\name{trigApprox}
\alias{trigApprox}
\title{
  Trigonometric Approximation
}
\description{
  Computes the trigonometric series.
}
\usage{
trigApprox(t, x, m)
}
\arguments{
  \item{t}{vector of points at which to compute the values of the
           trigonometric approximation.}
  \item{x}{data from \code{t=0} to \code{t=2*(n-1)*pi/n}.}
  \item{m}{degree of trigonometric regression.}
}
\details{
  Calls \code{trigPoly} to get the trigonometric coefficients and then
  sums the finite series.
}
\value{
  Vector of values the same length as \code{t}.
}
\note{
  TODO: Return an approximating function instead.
}
\seealso{
\code{\link{trigPoly}}
}
\examples{
\dontrun{
##  Example: Gauss' Pallas data (1801)
asc <- seq(0, 330, by = 30)
dec <- c(408, 89, -66, 10, 338, 807, 1238, 1511, 1583, 1462, 1183, 804)

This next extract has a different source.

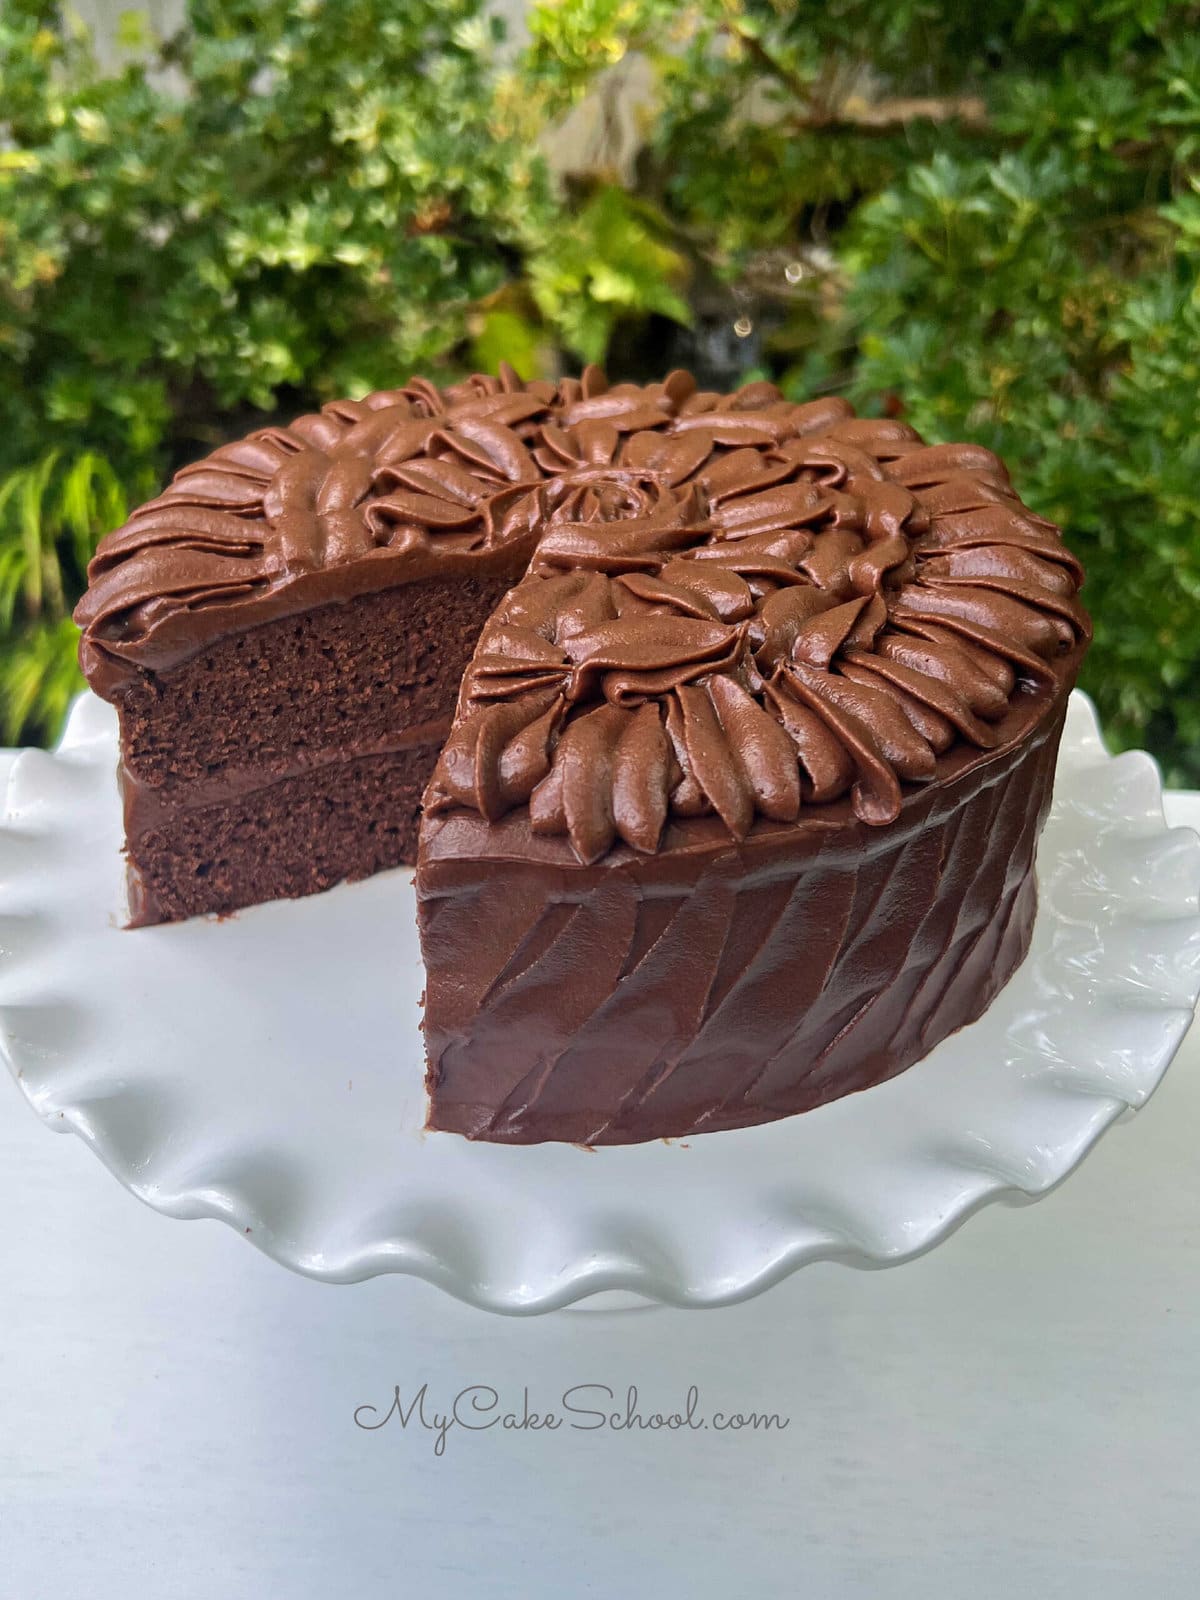 Brownie Cake, sliced, on a cake pedestal.

plot(2*pi*asc/360, dec, pch = "+", col = "red", xlim = c(0, 2*pi), ylim = c(-500, 2000),
     xlab = "Ascension [radians]", ylab = "Declination [minutes]",
     main = "Gauss' Pallas Data")
grid()
points(2*pi*asc/360, dec, pch = "o", col = "red")

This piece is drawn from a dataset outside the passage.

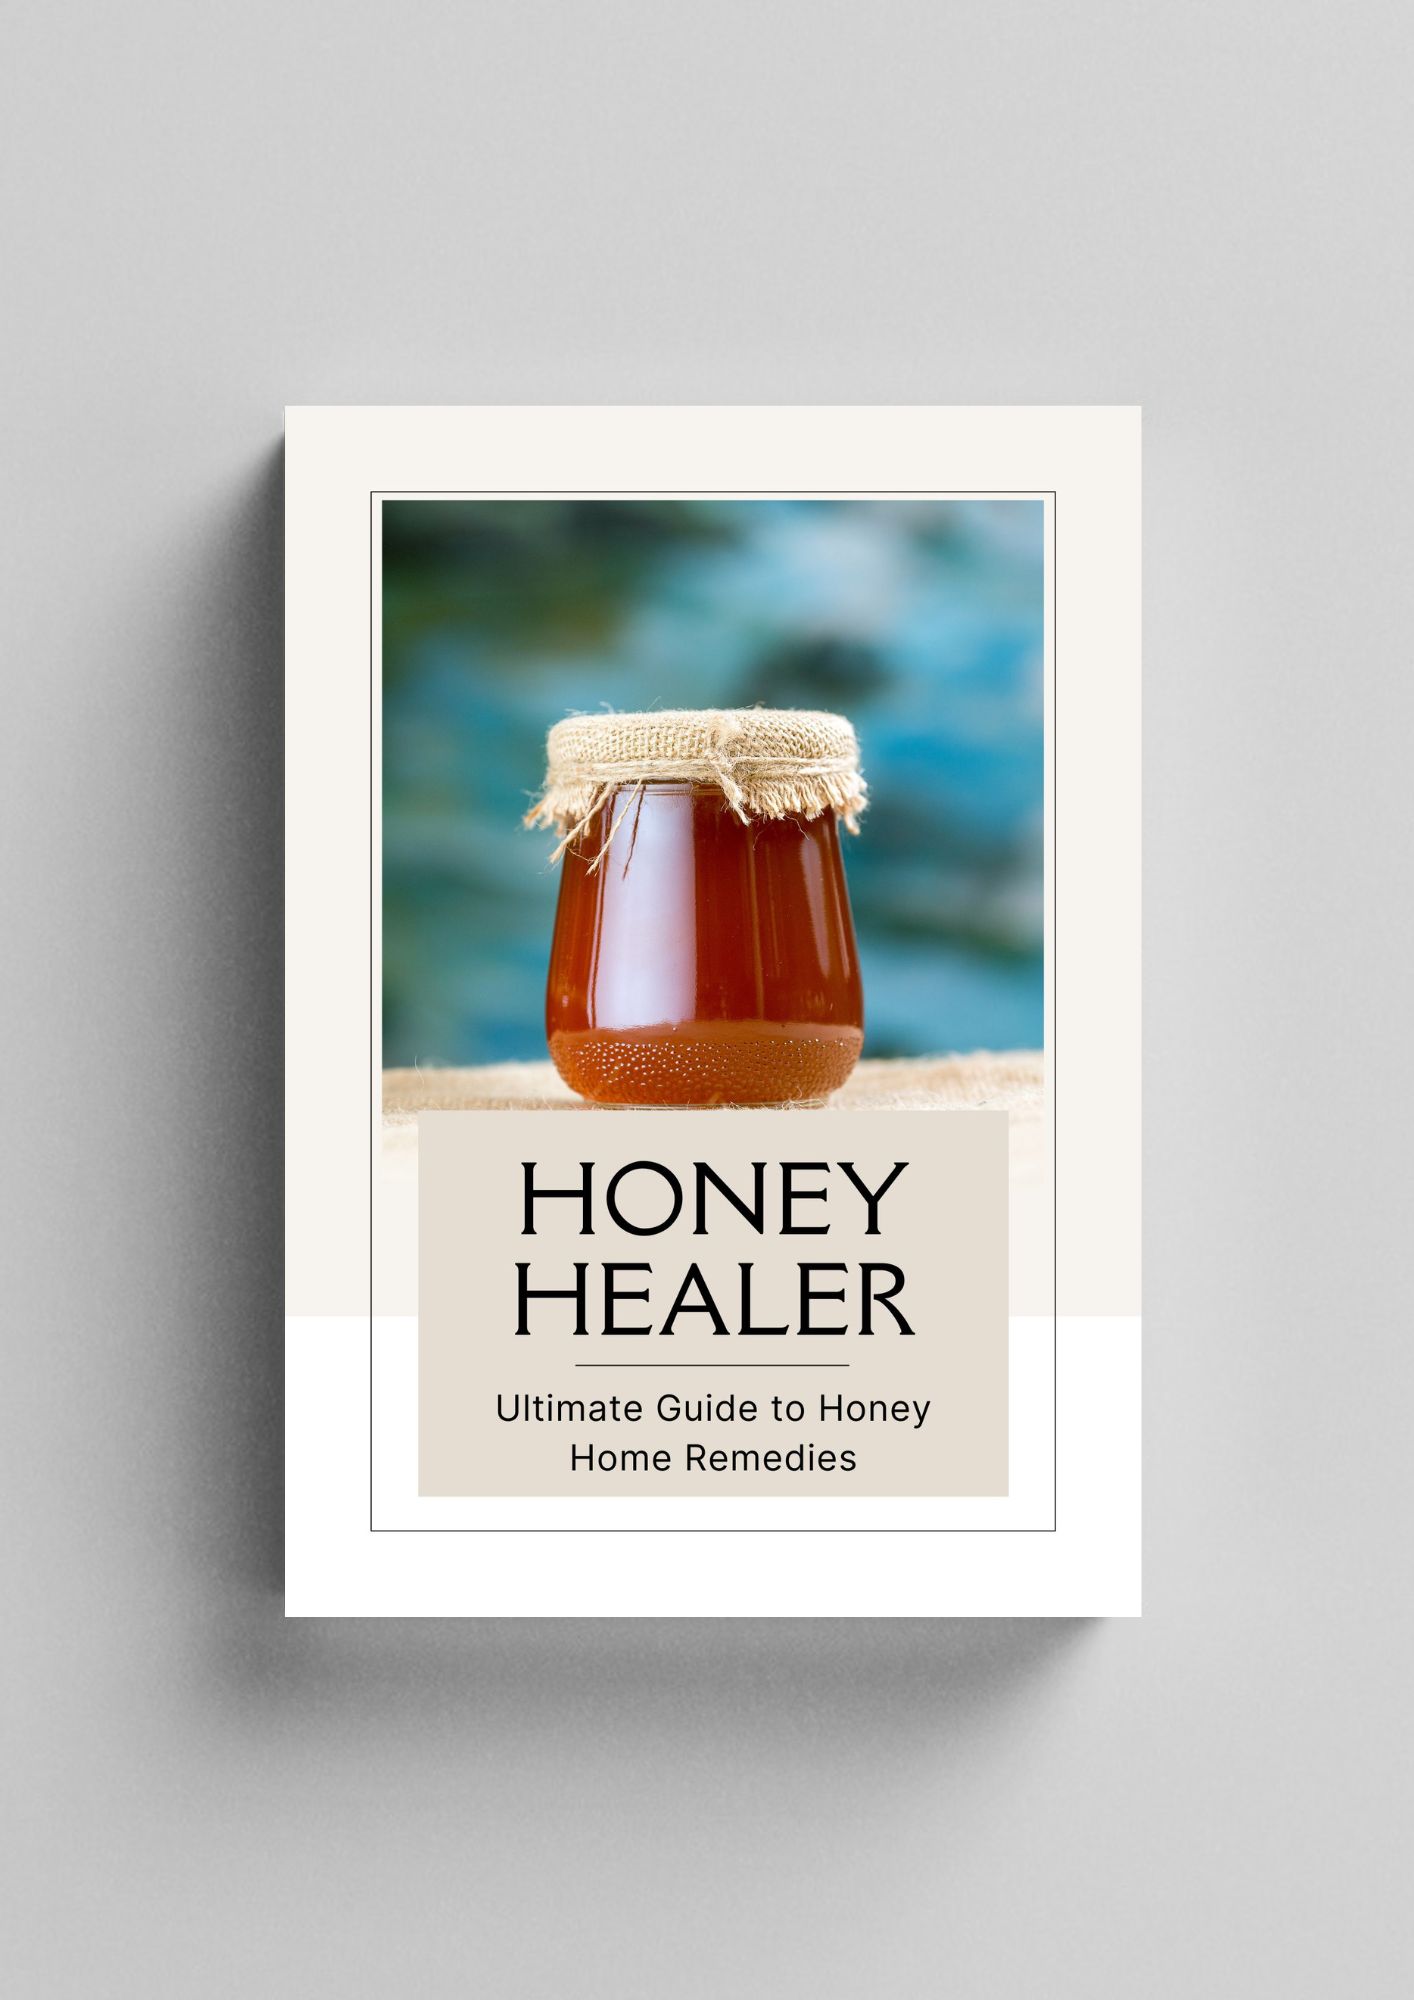 Honey healer book

ts <- seq(0, 2*pi, len = 100)
xs <- trigApprox(ts ,dec, 1)
lines(ts, xs, col = "black")
xs <- trigApprox(ts ,dec, 2)
lines(ts, xs, col = "blue")
legend(3, 0, c("Trig. Regression of degree 1", "Trig. Regression of degree 2",
                  "Astronomical position"), col = c("black", "blue", "red"),
                lty = c(1,1,0), pch = c("", "", "+"))}
}
\keyword{ math }